***** TASK INPUT

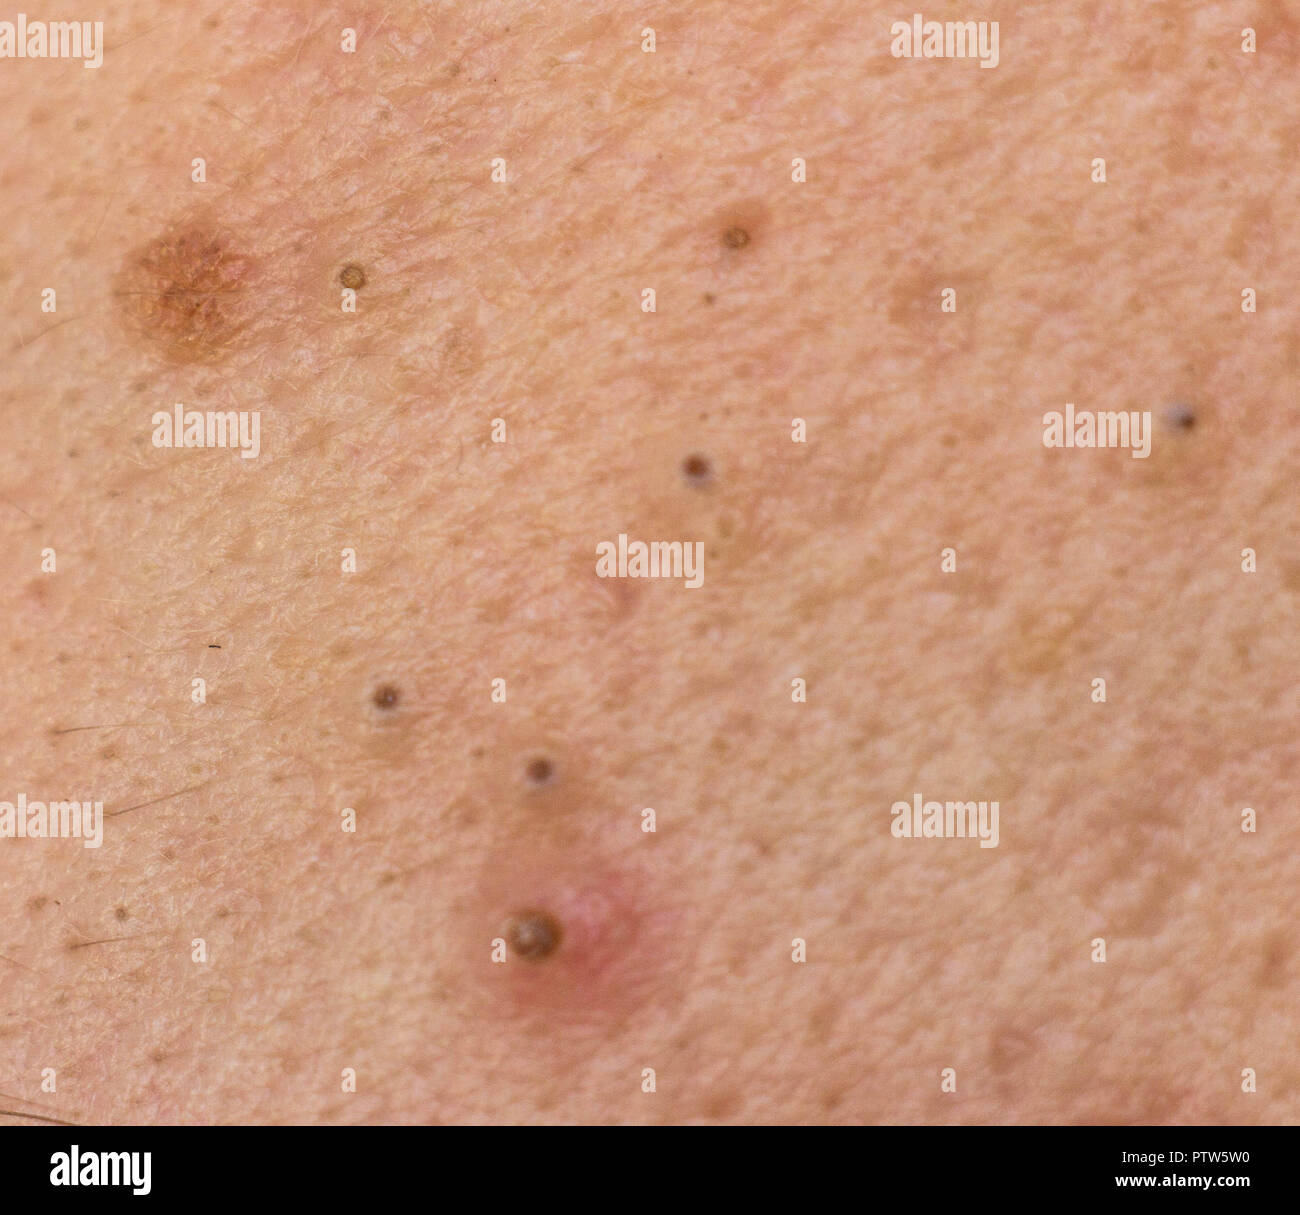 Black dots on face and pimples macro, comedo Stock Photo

**********
***** TASK INPUT

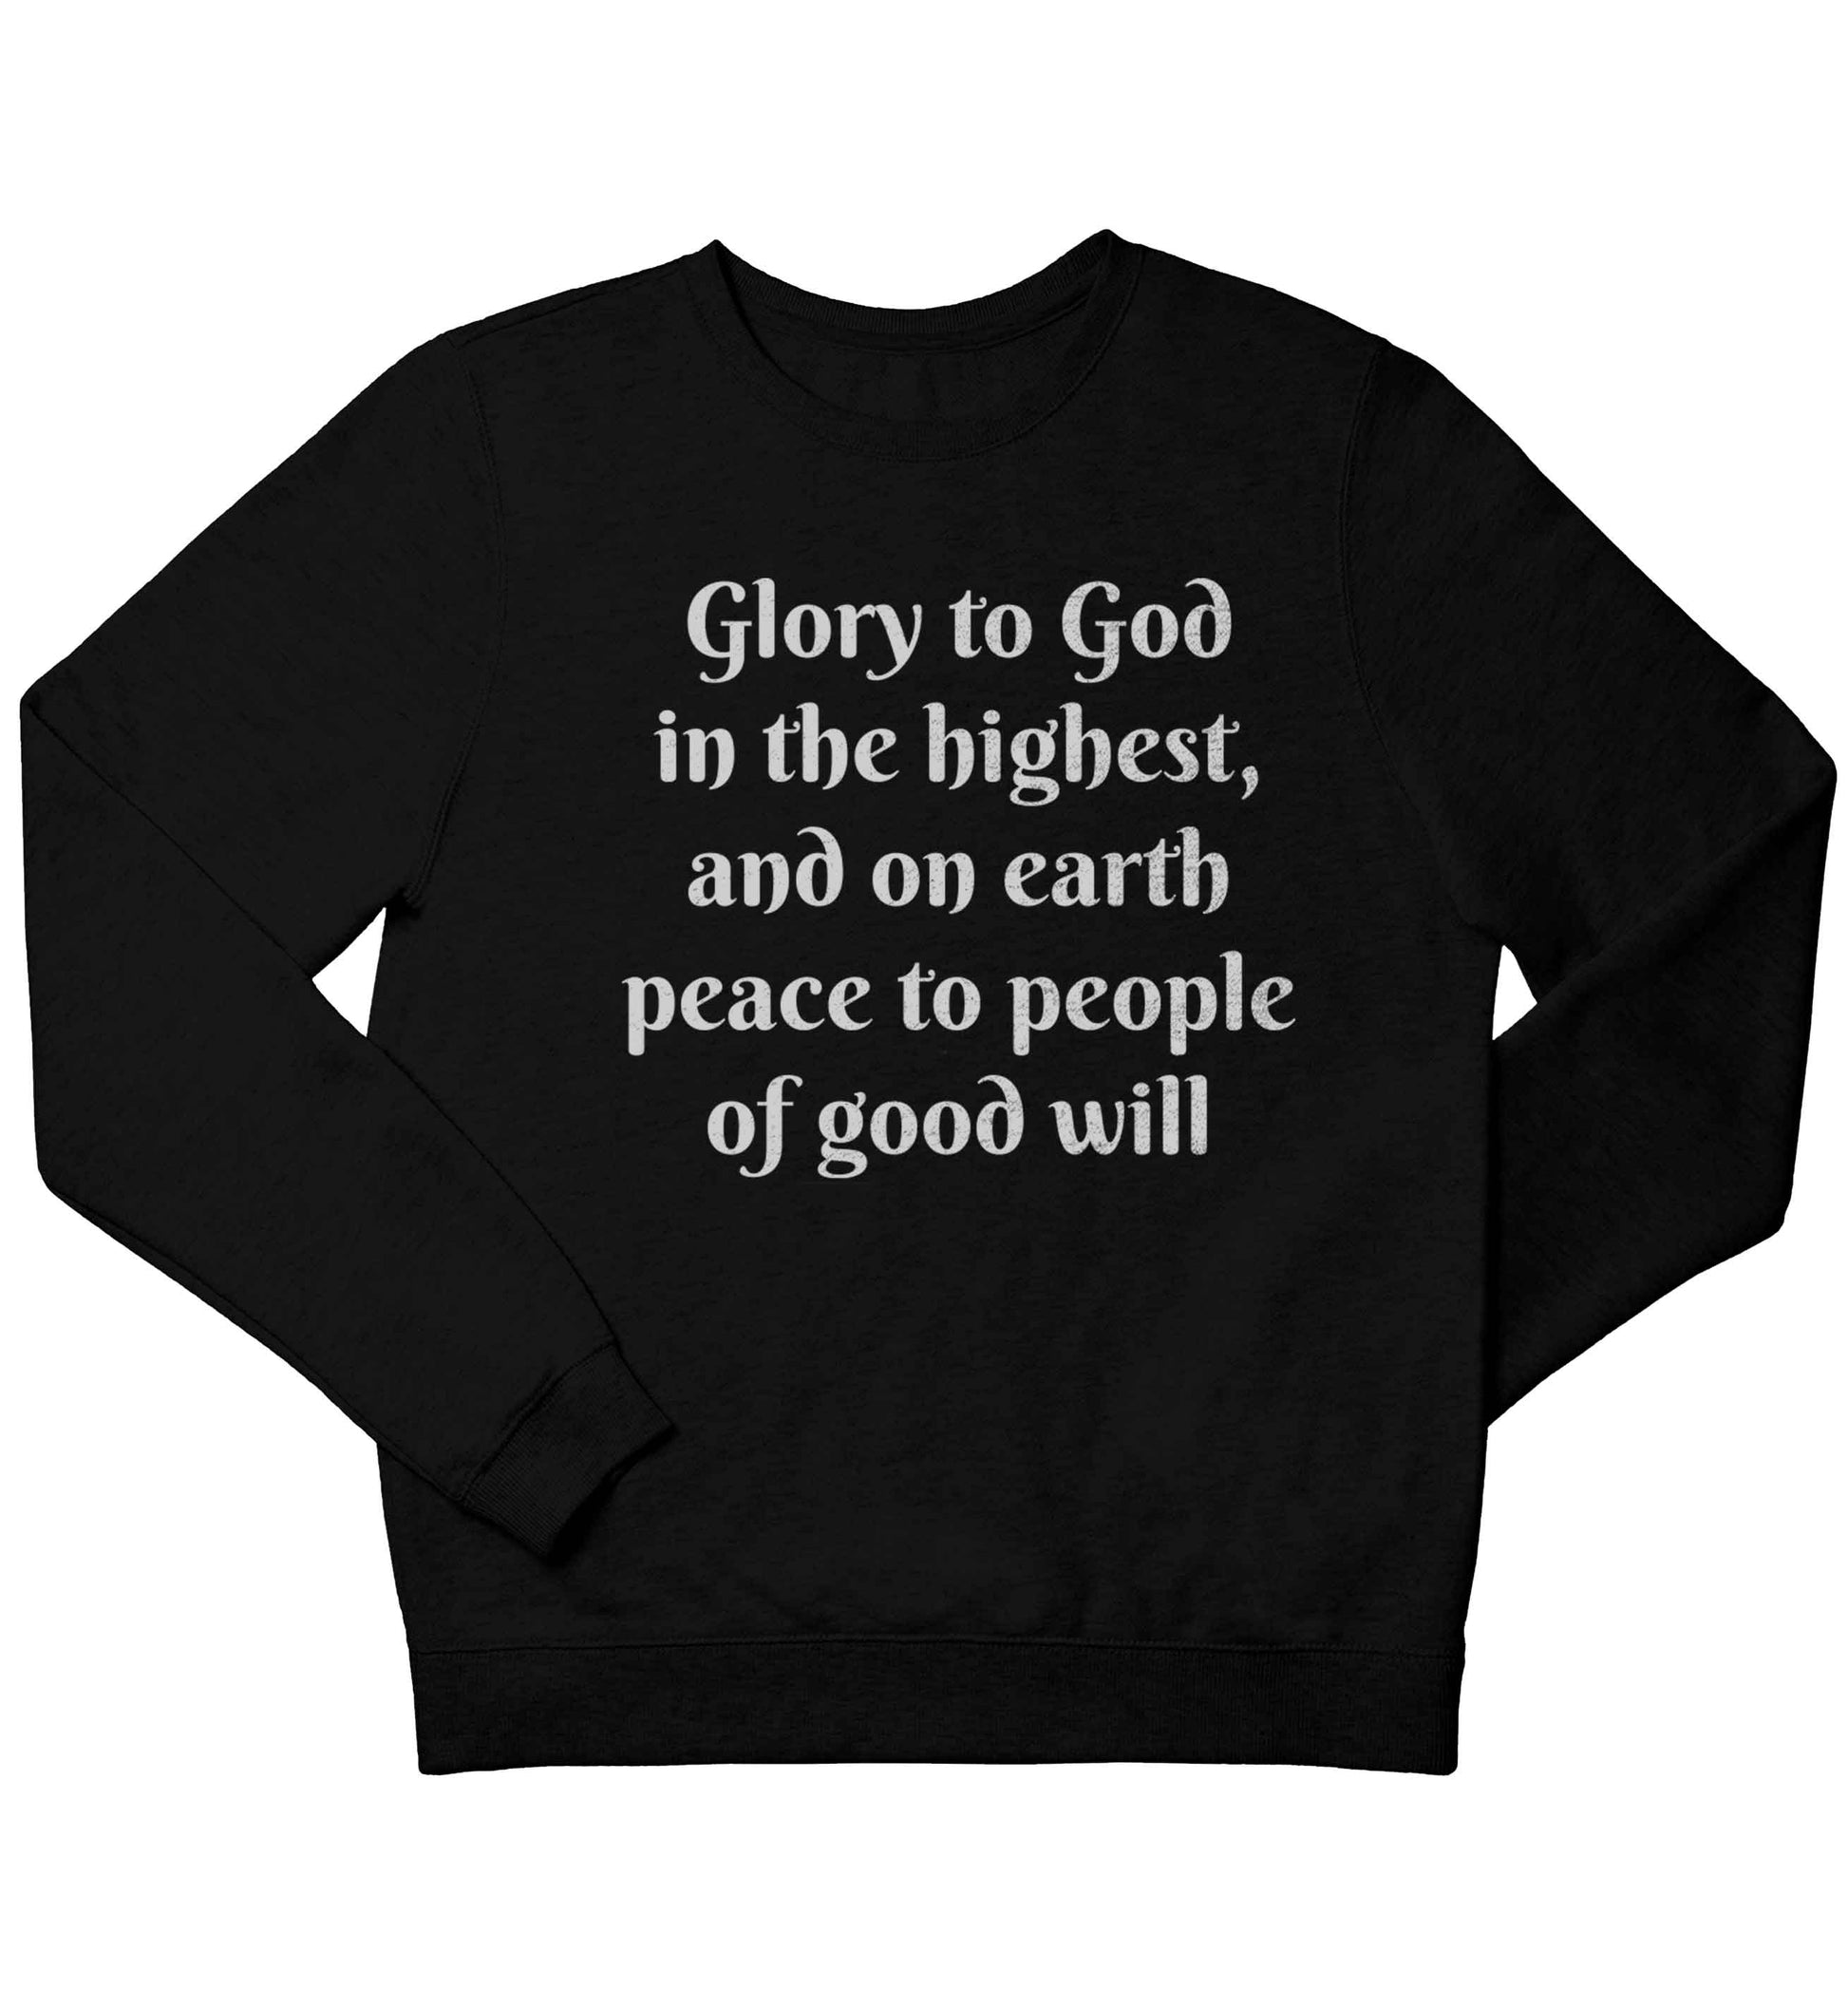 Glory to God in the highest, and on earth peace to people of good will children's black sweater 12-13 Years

**********
***** TASK INPUT

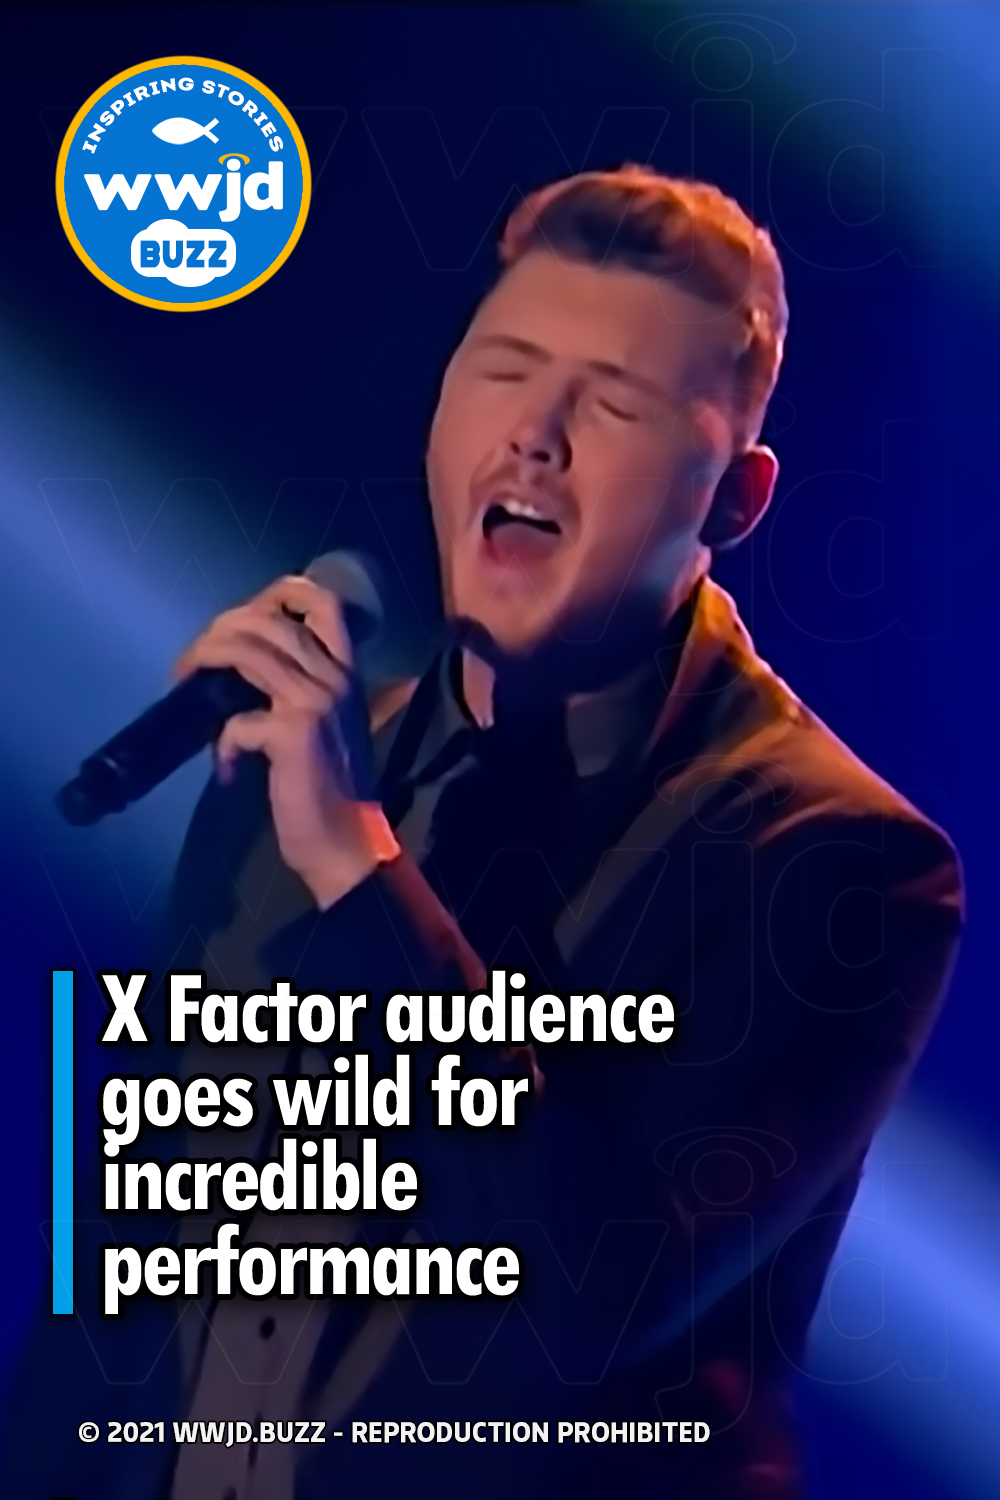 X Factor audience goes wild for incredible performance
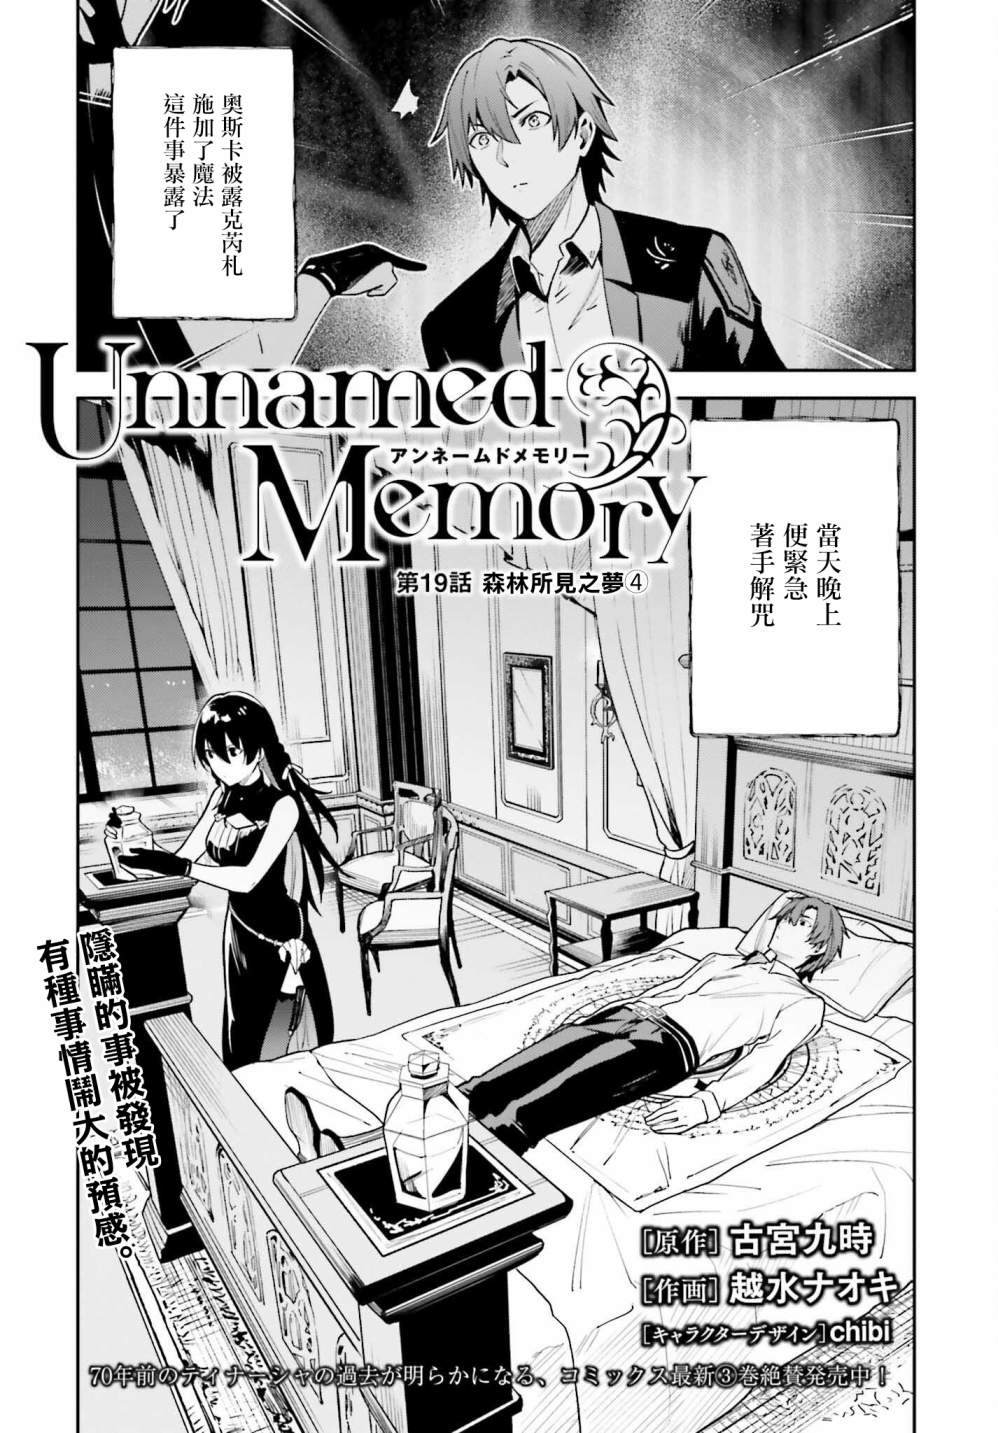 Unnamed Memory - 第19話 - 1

**********

§ HOW TO COMPLETE THIS TASK
All lines above starting at the one with "X Factor audience" and ending at the one with "Unnamed Memory - 第19話 - 1", inclusive, are to be printed again exactly, with the pictures left out.

§ SOLUTION BELOW
 X Factor audience goes wild for incredible performance
 Unnamed Memory - 第19話 - 1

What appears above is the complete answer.